Ehinger Krista A, Hidalgo-Sotelo Barbara, Torralba Antonio, Oliva Aude
Department of Brain and Cognitive Sciences, Massachusetts Institute of Technology.
Vis cogn. 2009 Aug 1;17(6-7):945-978. doi: 10.1080/13506280902834720.
How predictable are human eye movements during search in real world scenes? We recorded 14 observers' eye movements as they performed a search task (person detection) in 912 outdoor scenes. Observers were highly consistent in the regions fixated during search, even when the target was absent from the scene. These eye movements were used to evaluate computational models of search guidance from three sources: saliency, target features, and scene context. Each of these models independently outperformed a cross-image control in predicting human fixations. Models that combined sources of guidance ultimately predicted 94% of human agreement, with the scene context component providing the most explanatory power. None of the models, however, could reach the precision and fidelity of an attentional map defined by human fixations. This work puts forth a benchmark for computational models of search in real world scenes. Further improvements in modeling should capture mechanisms underlying the selectivity of observer's fixations during search.

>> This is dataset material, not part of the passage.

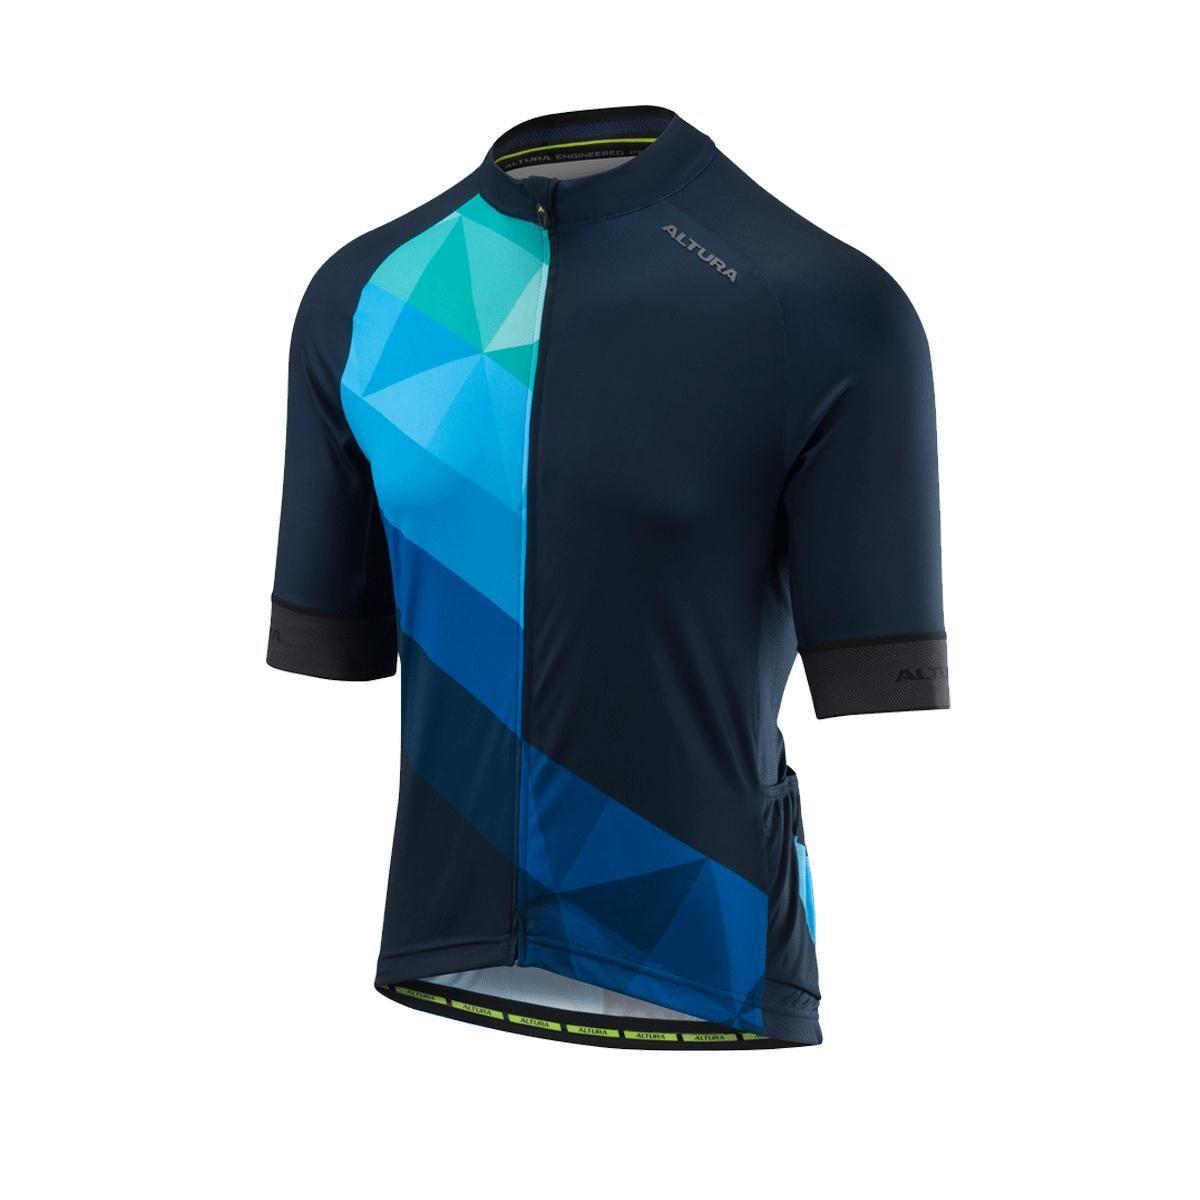 Altura Peloton Short Sleeve Jersey Mosaic 2018: Mosaic Blue/Black L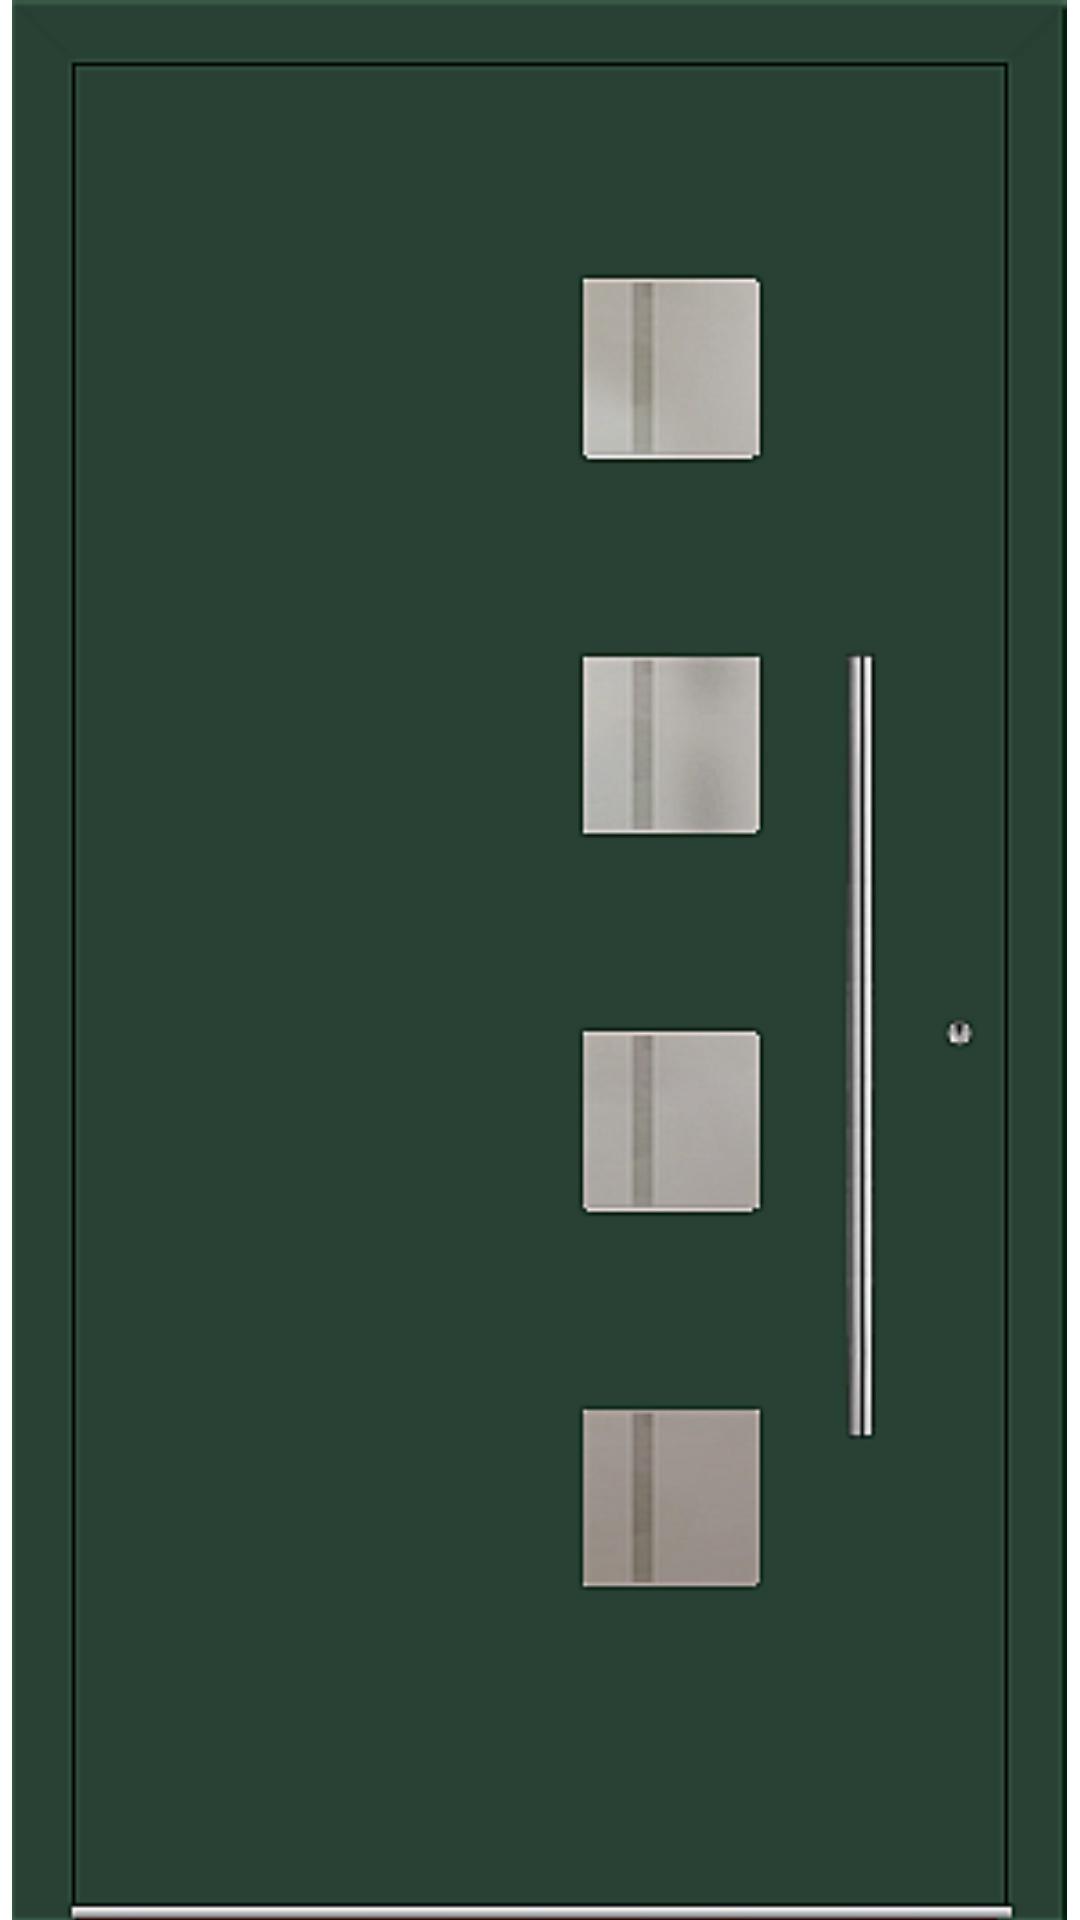 PaXentree Aluminium Haustür M04420 moosgrün

在现实世界场景中进行搜索时,人类的眼球运动有多可预测?我们记录了14名观察者在912个户外场景中执行搜索任务(人物检测)时的眼球运动。即使场景中没有目标,观察者在搜索过程中注视的区域也高度一致。这些眼球运动被用于评估来自三个来源的搜索引导计算模型:显著性、目标特征和场景上下文。在预测人类注视点方面,这些模型中的每一个都独立地优于跨图像控制模型。结合引导来源的模型最终预测出了94%的人类一致性,其中场景上下文部分提供了最大的解释力。然而,没有一个模型能够达到由人类注视定义的注意力地图的精度和保真度。这项工作为现实世界场景中的搜索计算模型提出了一个基准。建模方面的进一步改进应该捕捉到观察者在搜索过程中注视选择性背后的机制。